Insect cultivation uses a fraction of land, energy, and water required for traditional farming. And because we eat the whole insect, there is less waste compared to traditional livestock, where a lot of the meat is wasted. Insects can also live off the food and biomass that would usually be thrown away, such as stems and stalks from plants that people don’t eat. And to finish the waste cycle, their excrement can be used as fertiliser for crops.

Agriculture, specifically livestock, is the biggest contributor to greenhouse gas emissions. Livestock produces 14.5% of global emissions, according to the FAO. Crickets produce up to 80% less methane than cows and 8-12 times less ammonia than pigs. Because insects are cold blooded and waste less energy maintaining body heat, insects also require less feed than traditional livestock. For example crickets need six times less feed than cattle, four times less than sheep and two times less than pigs, according to the FAO. 

Given all of these benefits that can solve a lot of the world’s problem, only 10% of people would be willing to consume insects, according to a survey by the European Consumer Organisation. Is this a missed opportunity?

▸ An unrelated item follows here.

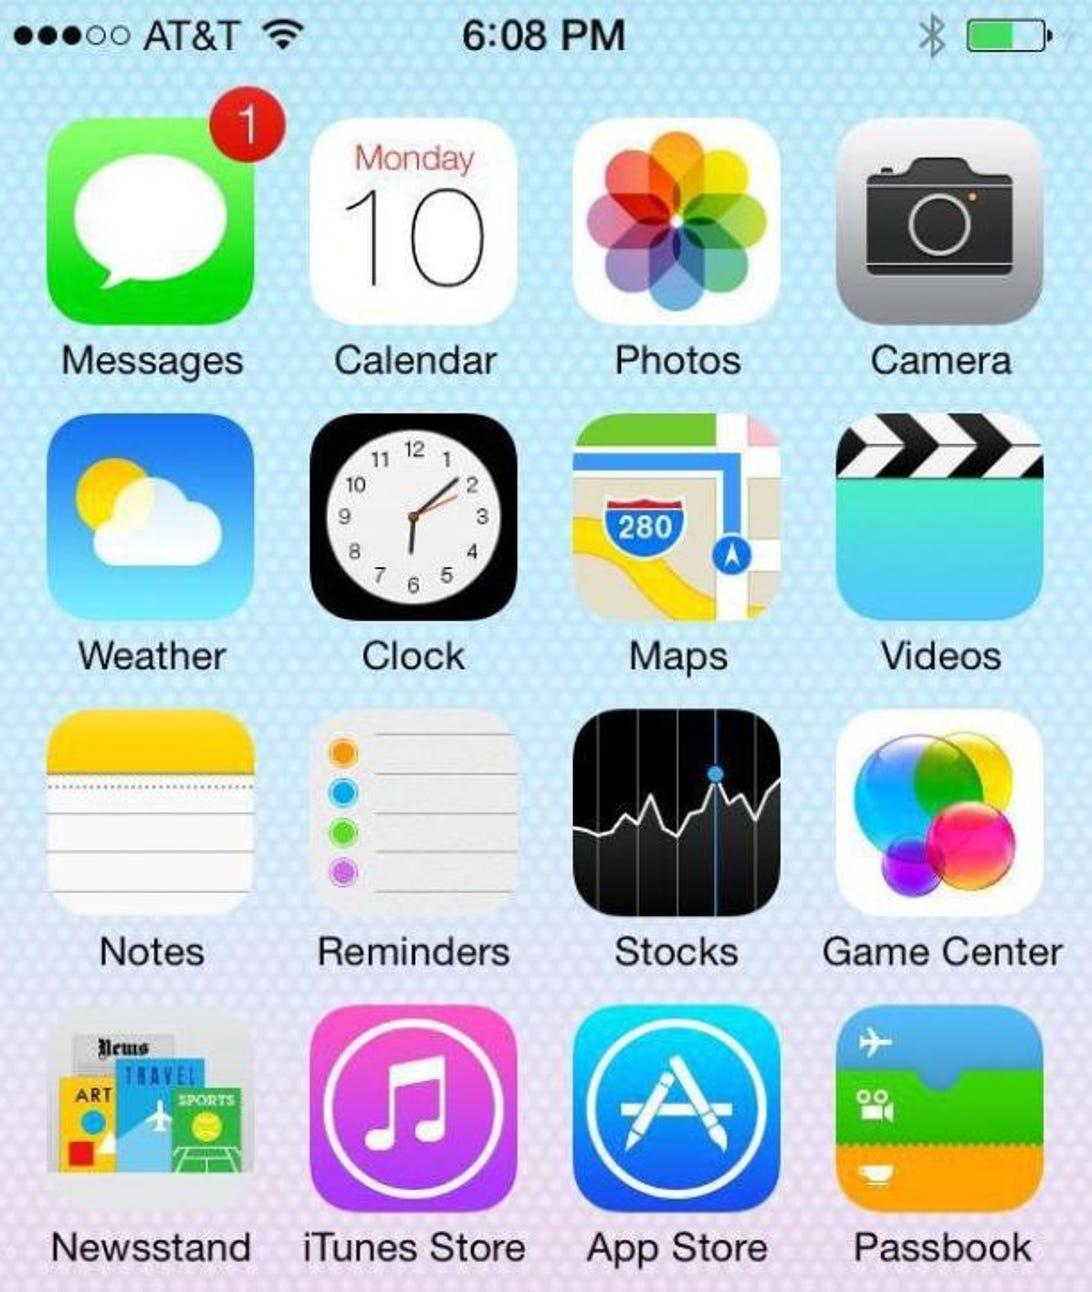 iOS_7_icons_610x722.jpg
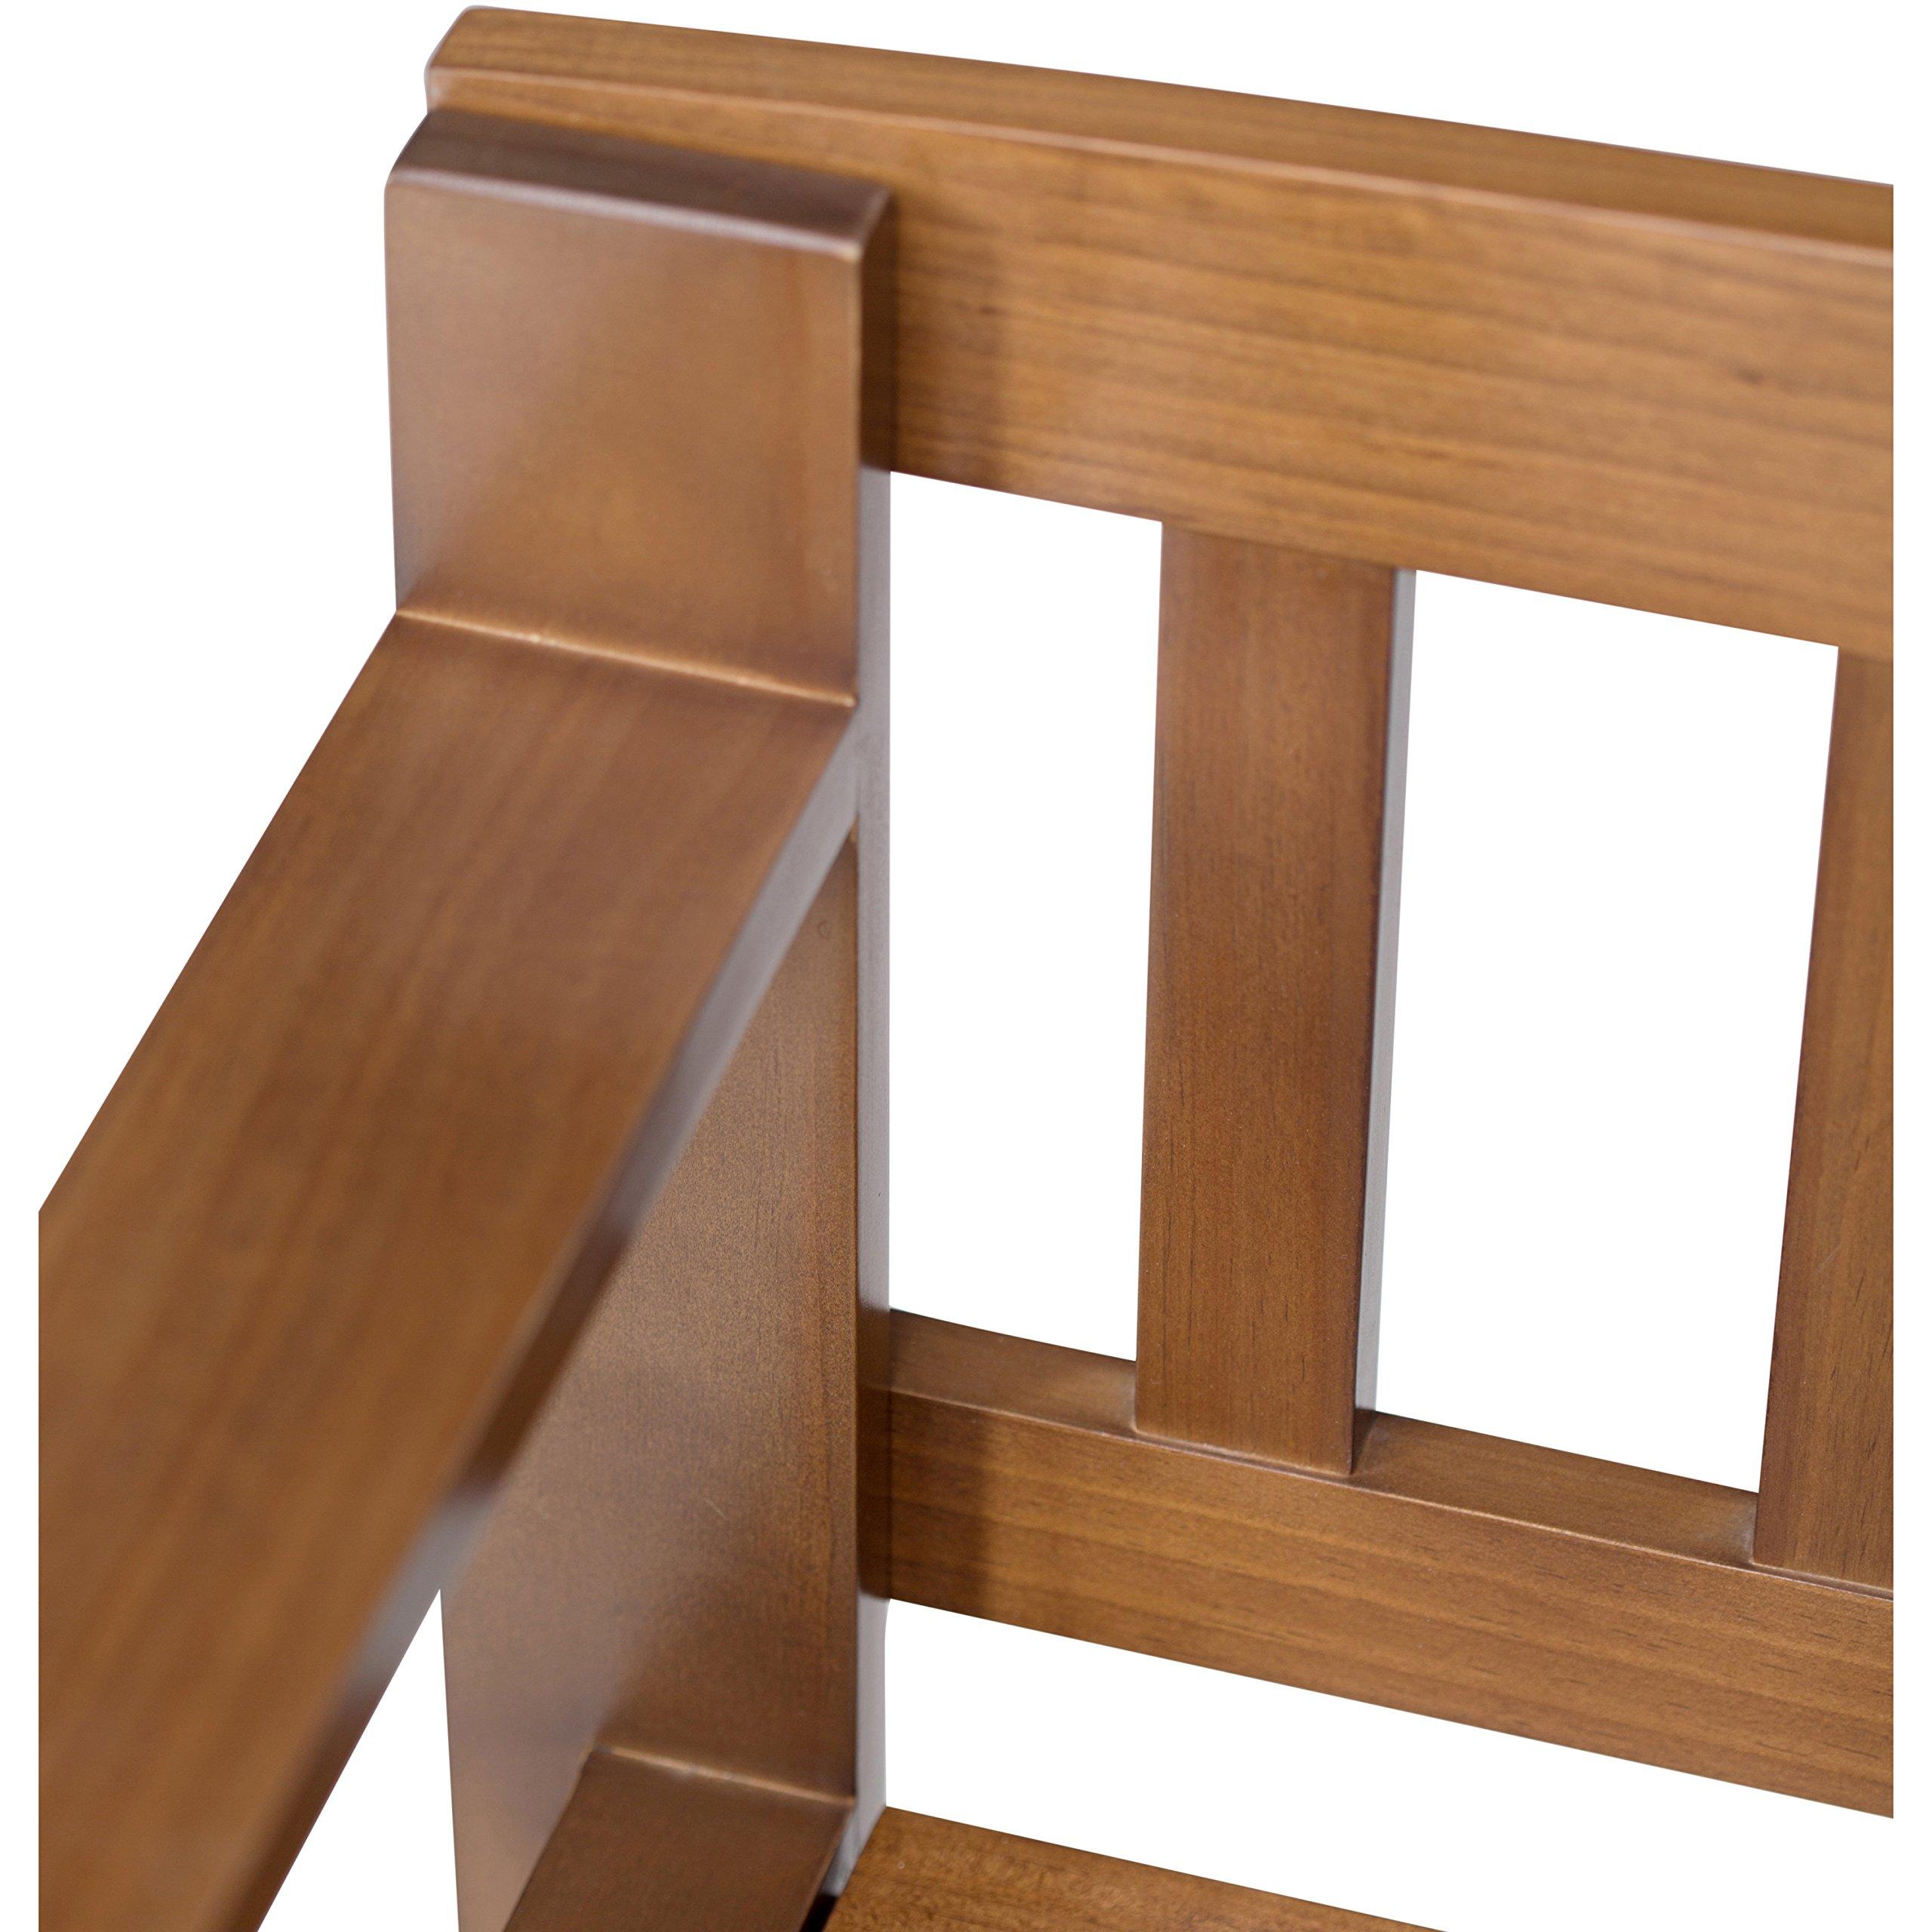 Simpli Home Brooklyn Solid Wood Entryway Storage Bench, Medium Saddle Brown by Simpli Home (Image #6)

Will the UK follow the trend?

In the UK specifically, Brexit has left the market a little uncertain. A 1997 law previously said that any food that had not been eaten before that year should be authorised as “novel foods” in the EU, but countries such as the U.K. decided this law didn’t refer to animals used for food and therefore, they could sell those products (which included insects). This allowed insects to be legally farmed and processed for human consumption. 

After Brexit, while the novel food regulation has been kept under UK law, transitional measures have not, leaving insect producers in a legal mess. Many producers are upset, citing that ‘novel foods’ require “tests and laboratory analysis and tens of thousands of pounds to prove that products that have been on the market for many years are safe ,” as compared to ‘traditional food’. Getting legal authorisation costs between £70,000 and £85,000. There are already 26 edible insect businesses in the UK, from farms to restaurants, product manufacturers and retailers, but most of these are SME’s so legal battles will be a hurdle for them.

Final thoughts

While the legal battle might pose a problem in the UK market, this should be no reason to let this new concept go under the rug. While I personally will need a lot of time to get used to eating bugs, others won’t, and this market will grow a lot in the UK, Europe, and internationally.

Who knows we may be looking to raise funding for an insect vertical super farm in the future, which would make an interesting addition to our usual farming clients!

With their minimal environmental footprint and excellent nutritional profile, insects are seen as a more sustainable form of protein than conventional meat and fish.